Logistic Challenges.
      What sets the U.S. military apart from all others is its ability to dispatch thousands of troops and their weapons, vehicles, and supplies to any point on Earth and to sustain them there. No other country could wage war in a landlocked country by supplying its forces almost entirely by air. By the end of September 2001, nearly the entire active-duty fleet of C-5 Galaxy and C-17 Globemaster III transport aircraft—a total of about 140—was dedicated to the war effort. The 30-year-old C-5 can carry 122,000 kg (270,000 lb) of cargo, but it requires a runway at least 1,495 m (4,900 ft) long for landing. Conversely, the C-17 can land on runways as short as 915 m (3,000 ft), which makes it much better suited to the primitive or war-damaged airfields in Afghanistan.
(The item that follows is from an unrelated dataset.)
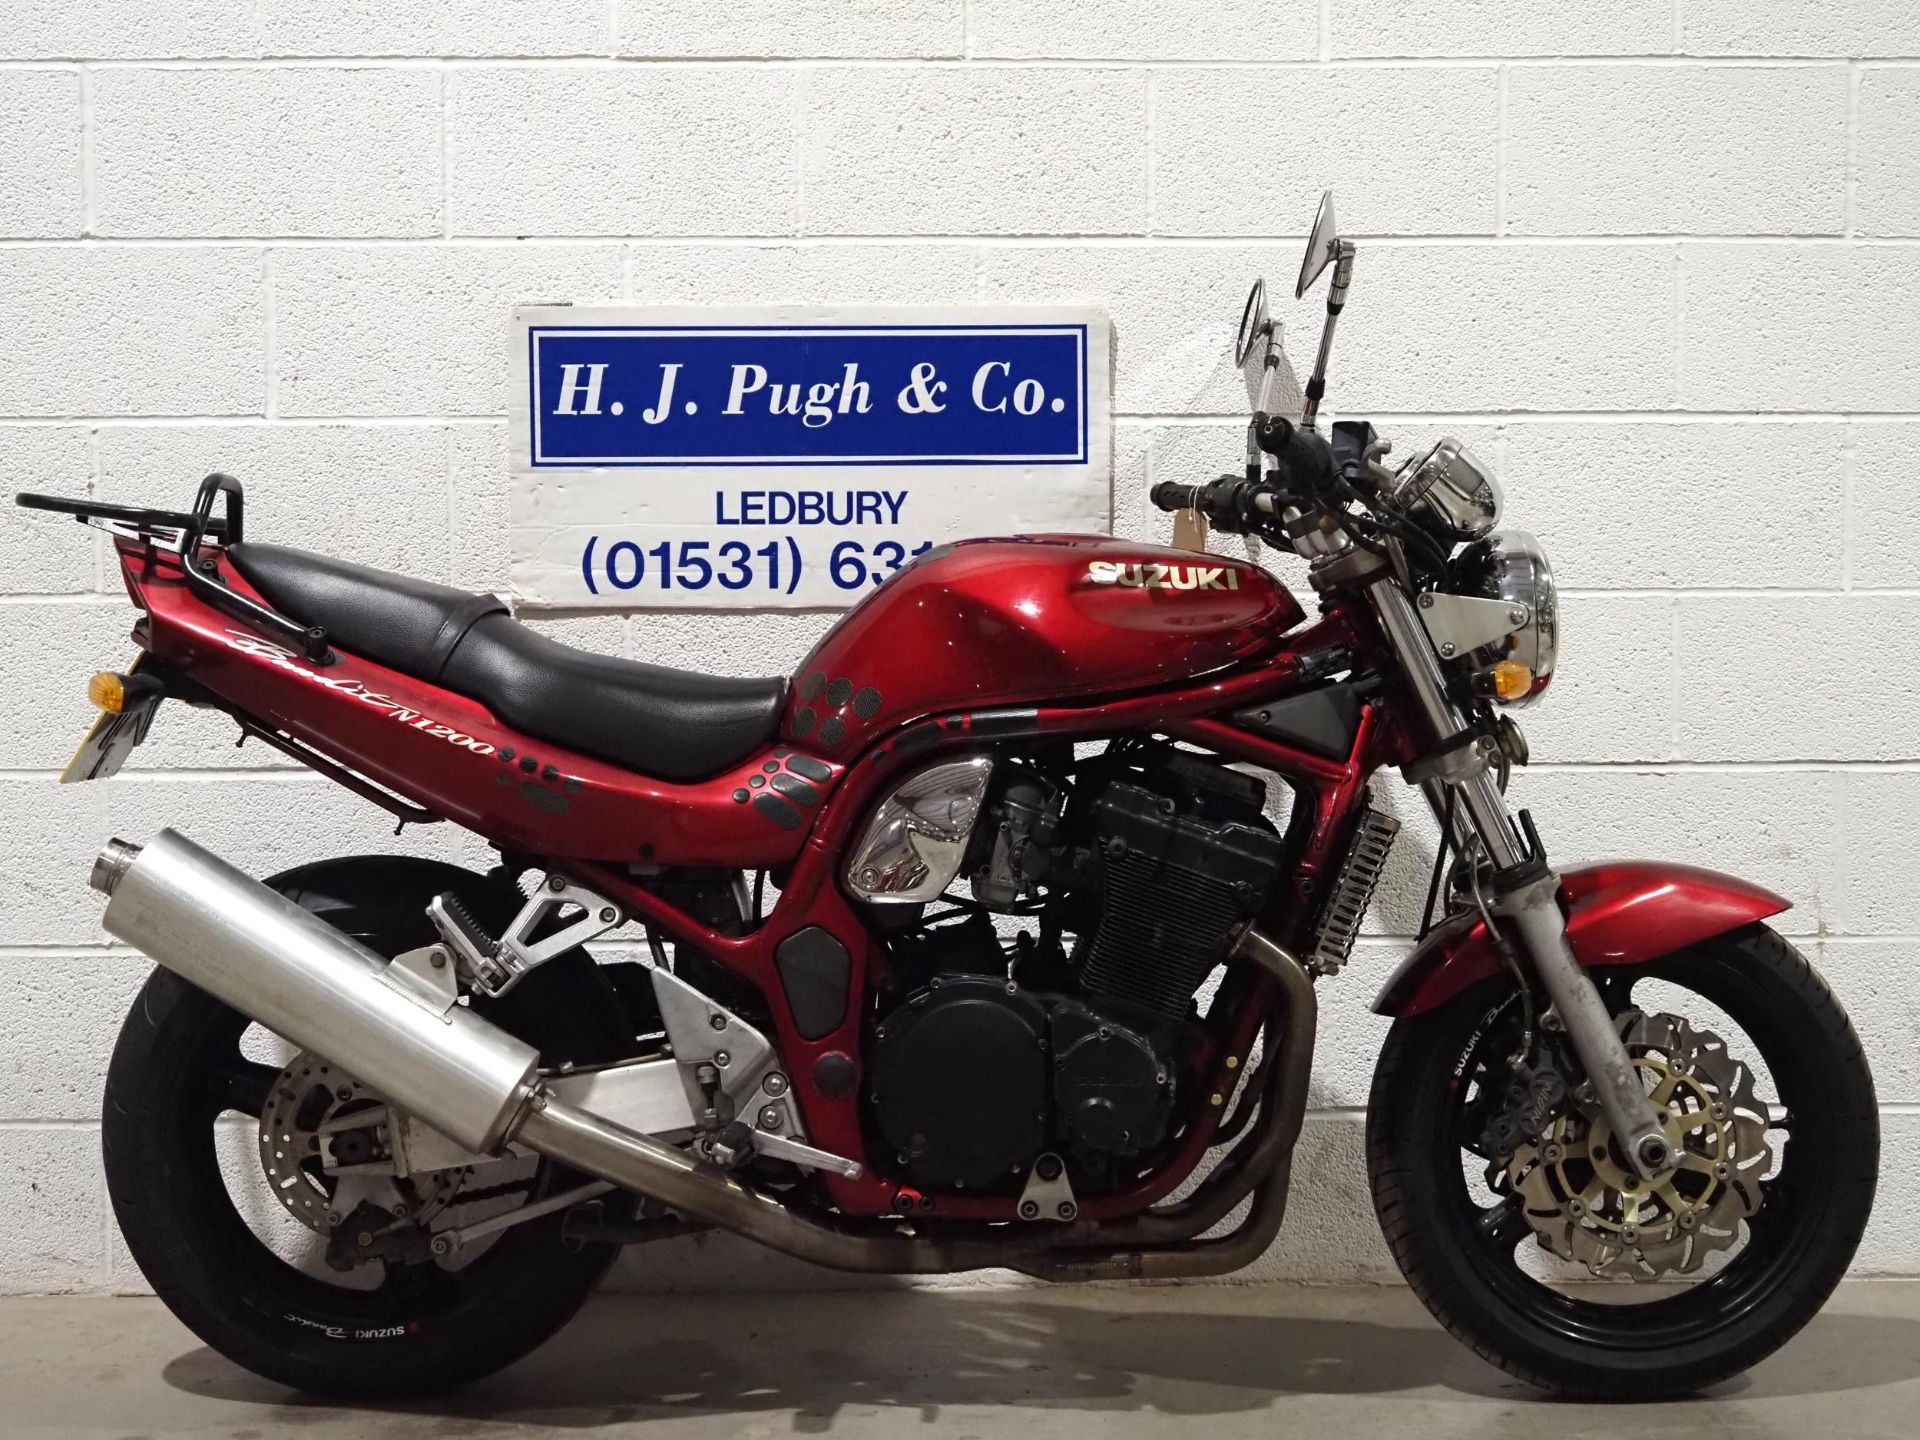 Suzuki GSF1200 Bandit motorcycle. 2000. 1157cc. Runs and rides. MOT until 01.02.05. Comes with MOT

At the height of the war in early 2002, coalition troops each month consumed 7.9 million litres (2.1 million gal) of fuel, 13.6 million litres (3.6 million gal) of water, and the equivalent of 72 18-wheel transport trucks of food. Meeting such a demand for supplies does not come cheap, however. For example, the price of delivering fuel to remote war zones can exceed $1,500 per litre.
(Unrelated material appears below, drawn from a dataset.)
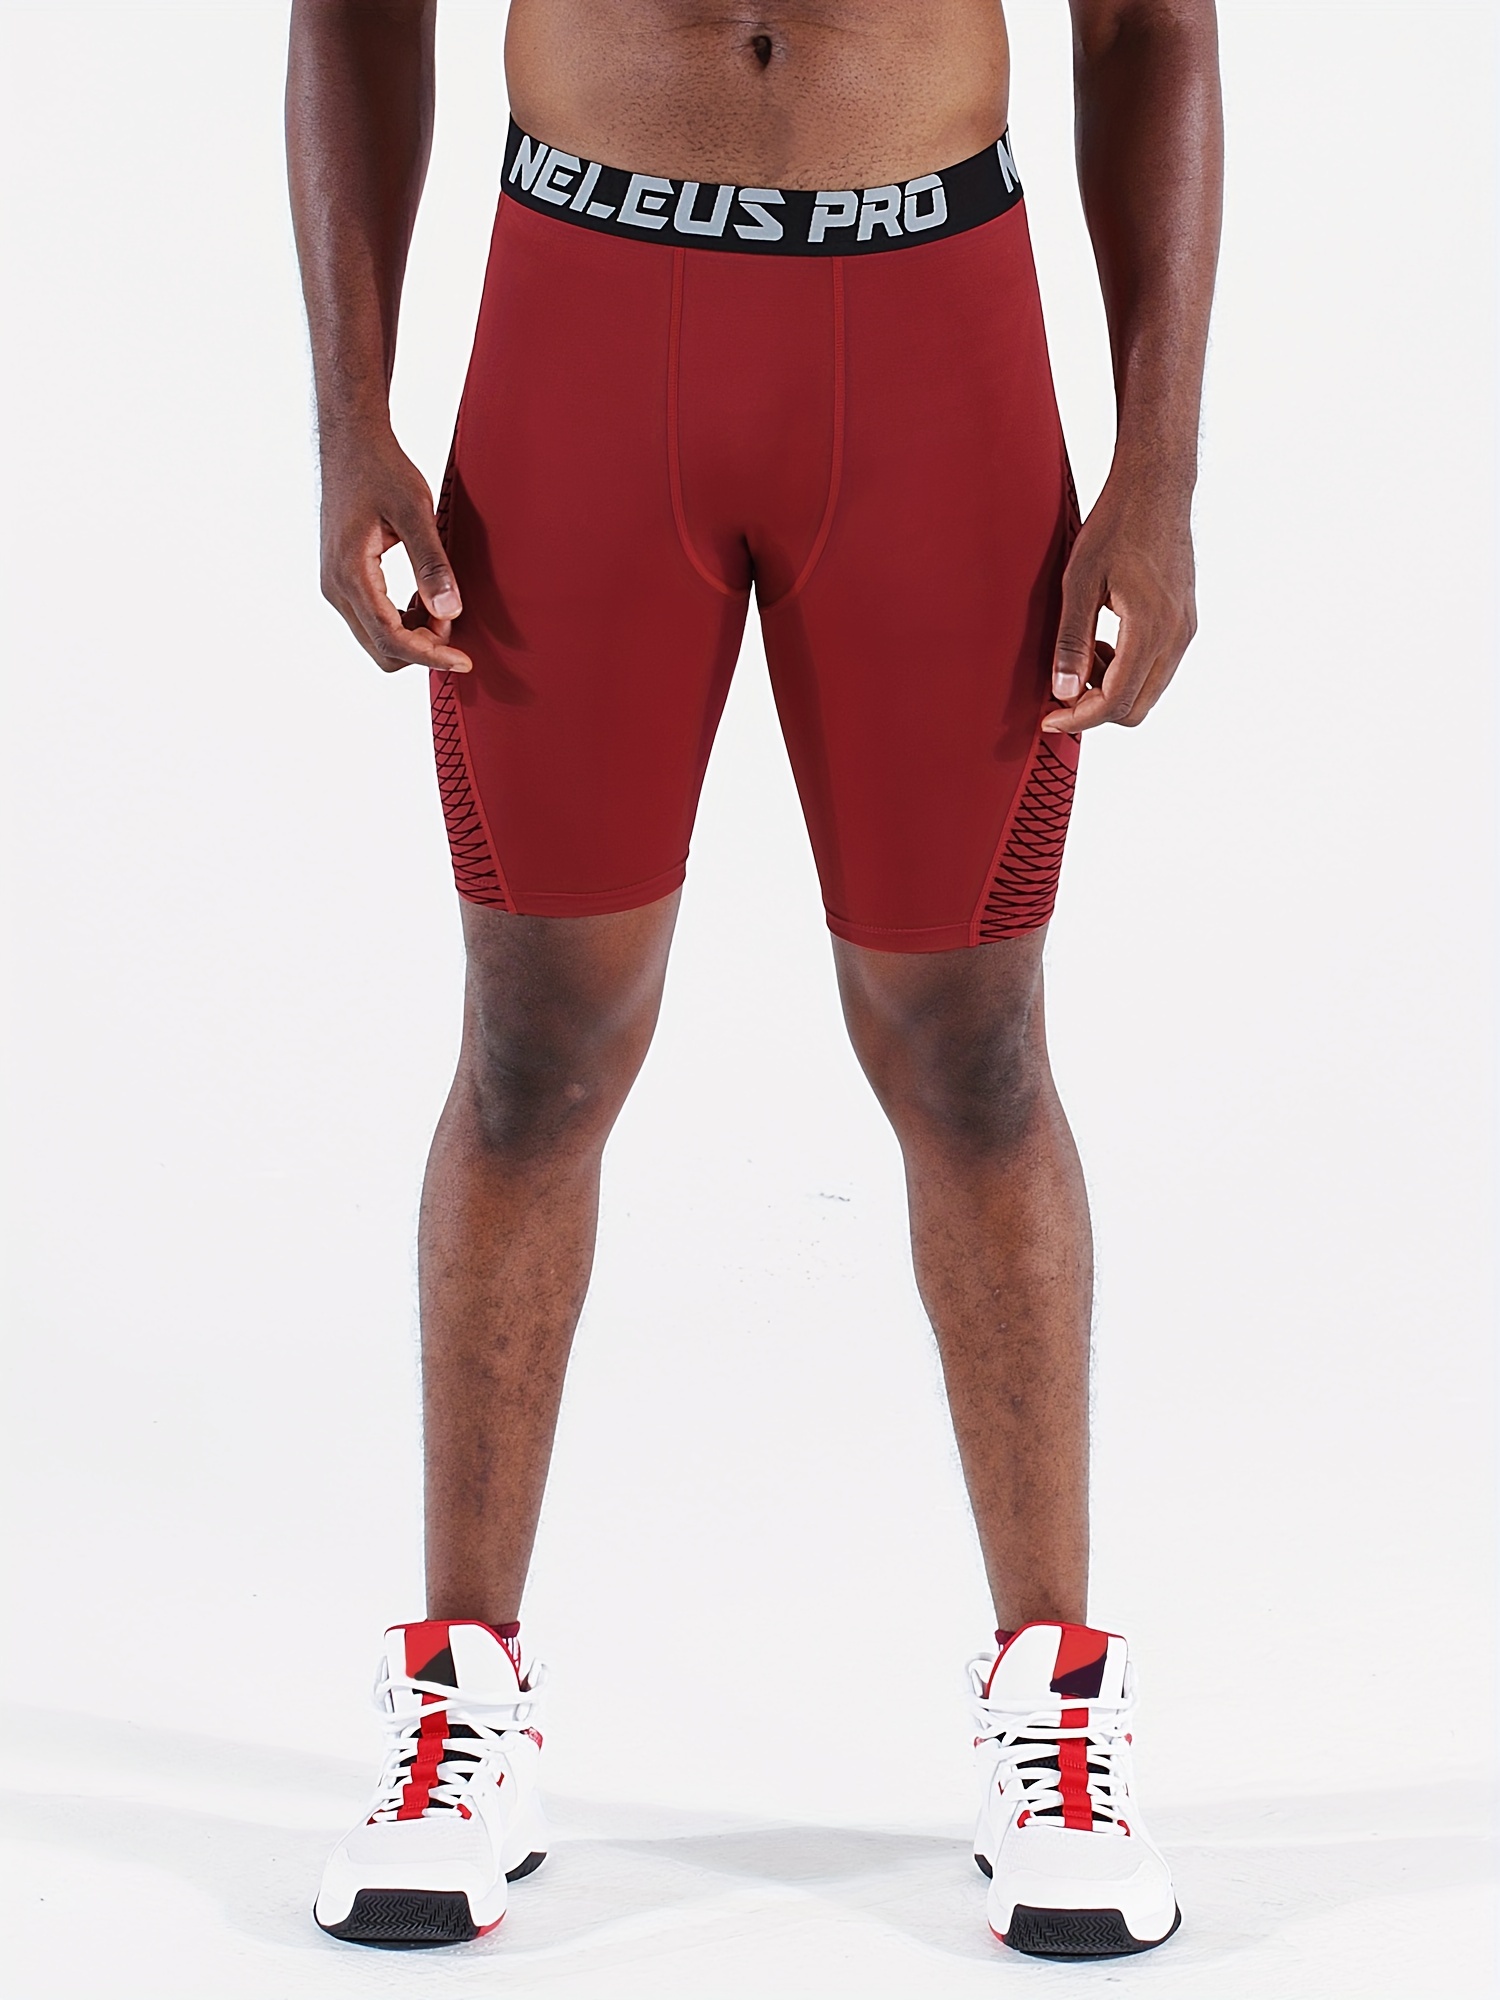 NIKE men's basketball compression shorts quick-drying sportwear

The Role of Special Forces.
      The elimination of remaining al-Qaeda and Taliban members from their isolated mountain caves and village hideouts has remained problematic for the coalition and is a major reason why up to 2,000 special forces troops have been committed to the campaign. Although much of their work has been kept secret, several coalition members have admitted that they have deployed such forces, including Australia, Canada, Denmark, Germany, Norway, Turkey, the U.K., and the U.S. What sets special operations forces apart from regular troops is that they tend to be organized in groups of fewer than a dozen soldiers and are trained in specialties such as mountain, desert, and jungle warfare, counterterrorism, combat search-and-rescue operations, and covert reconnaissance. Special forces troops are also highly mobile and take advantage of specialized equipment that permits them to travel at night and in most weather conditions. For example, the MH-53J Pave Low III heavy-lift helicopter (based on the 1960s-era CH-53 Sea Stallion) has sophisticated radar and a forward-looking infrared sensor to enable its crew to avoid obstacles and fly just above the ground at night. The Pave Low is equipped with armour plating and machine guns and can transport up to 38 troops.

Command and Information.
      For the most part, the war in Afghanistan has been managed from U.S. Central Command headquarters in Florida, more than 11,260 km (7,000 mi) and 10 time zones away. Commanders have for the first time been able to watch battles live via TV cameras mounted in UAVs. Although a technical achievement, this has led to complaints that the attention of headquarters staff is diverted and that troops in the field are being micromanaged. The large volume of data moving between commanders and troops in the field has been a mixed blessing for coalition forces. On one hand it has allowed commanders to deploy forces quickly and effectively to where they are needed most, but on the other hand information overload has created the requirement for new positions, such as that of “knowledge management officer” to filter out minor details and ensure that commanders get only the information they need in order to make decisions.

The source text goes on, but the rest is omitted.